Standardized Tests? That is an obstacle? If it is, then they are doomed, because there will always be tests. (I like sriracha and if it is Vietnamese, God bless them.)


----------



## csi-tech (Apr 13, 2013)

Here is "Surfer" dude. He doesn't work, takes SNAP and other benefits from the Government, manages to eat lobster on your dime and refuses to work. When Sean Hannity offered him an 80K per year job he refused it saying he is happy with his lifestyle. He sings about robbing and stealing to support his preferred lifestyle.

This is why I insist that we created this monster. It's not about race. By providing too much for too long we take the will to work away from able bodied people.

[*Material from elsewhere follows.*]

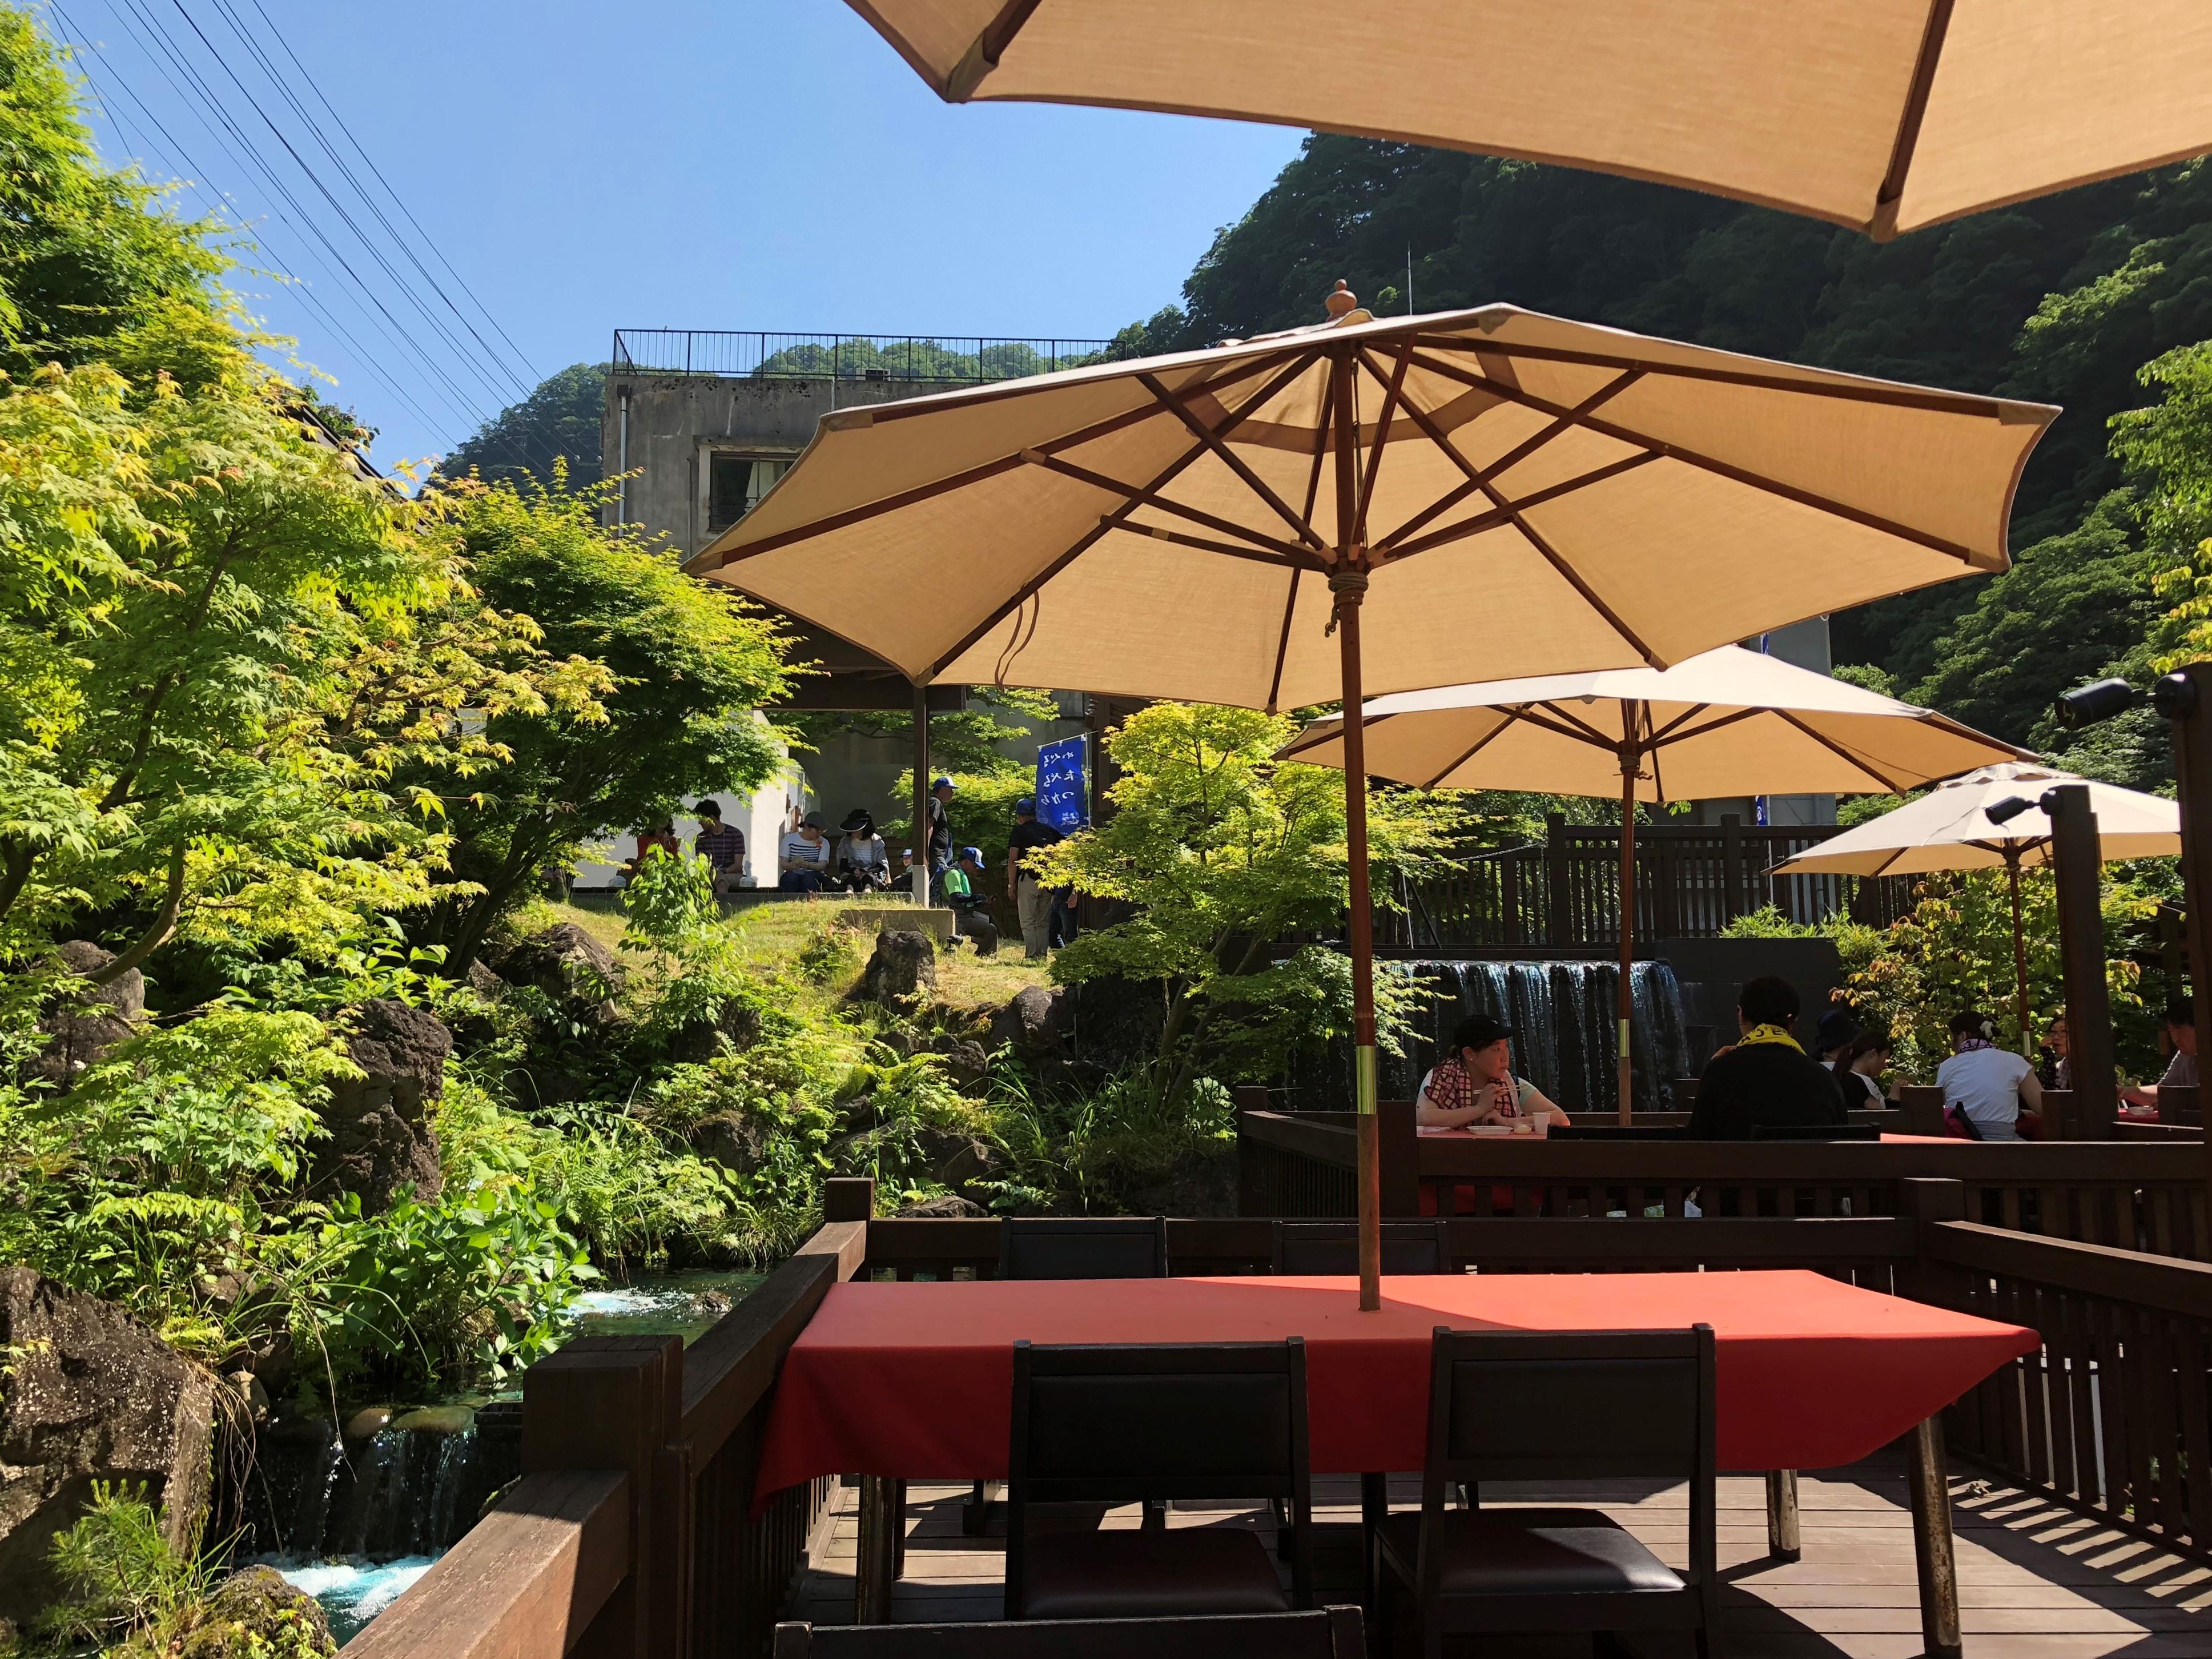 """The 2nd Onsen Gastronomy Walking In Aizuwakamatsu Ƹ©æ³‰ã'¬ã'¹ãƒˆãƒãƒŽãƒŸãƒ¼ãƒ""""ーリズム Å…¬å¼ã'µã'¤ãƒˆ Onsen Gastronomy Tourism Association"""

We give them an alternative to work and in the end create and fund their laziness and inflate their sense of entitlement. They end up content, overfed and feel as if they are owed the moon and stars.
When the benefits dwindle at the end of the month they commit crime to further their lifestyle. They fill our prisons creating our bloated prison population or they end up robbing somebody like us and getting their face blown off.

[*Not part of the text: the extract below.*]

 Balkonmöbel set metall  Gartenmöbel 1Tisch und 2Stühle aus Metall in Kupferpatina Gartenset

Welfare lobster-eating food stamp recipient refuses Sean Hannity?s $80,000 help | Examiner.com


----------



## Salt-N-Pepper (Aug 18, 2014)

Slippy said:


> EVERYBODY AIN'T EQUAL!


Truth. But everybody should have the chance to PROVE their place in the pecking order by the sweat of their brow, or the brains in their head.

Opportunity should be equal, but results should be based on what we do with that opportunity. The problem with da gubbment is they want to make OUTCOMES equal no matter the amount of work and effort a person puts into it.

That's evil.


----------



## Slippy (Nov 14, 2013)

Salt-N-Pepper said:


> Truth. But everybody should have the chance to PROVE their place in the pecking order by the sweat of their brow, or the brains in their head.
> 
> Opportunity should be equal, but results should be based on what we do with that opportunity. The problem with da gubbment is they want to make OUTCOMES equal no matter the amount of work and effort a person puts into it.
> 
> That's evil.


Yes indeed Salty,

Whenever the government gets involved in the equalization of its "subjects"...evil things like slavery ensues.


----------



## Moonshinedave (Mar 28, 2013)

All M. L. King wanted was for his people to be treated as equals. Today, Many, not all wants more than equal. I honestly think MLK would be ashamed of many of his people today. There's absolutely no reason non white people today cannot succeed. 
When I watched the video I thought great more excuses for failure and a reason to blame everyone except themselves.


----------



## Mosinator762x54r (Nov 4, 2015)

MLK wanted ALL people to be treated equal. He took a lot of criticism from the militant African American contingents because of his notion that blacks, whites, yellows, greys, reds, and all other skin colors should be on the same level and not one over the other.



Moonshinedave said:


> All M. L. King wanted was for his people to be treated as equals. Today, Many, not all wants more than equal. I honestly think MLK would be ashamed of many of his people today. There's absolutely no reason non white people today cannot succeed.
> When I watched the video I thought great more excuses for failure and a reason to blame everyone except themselves.


----------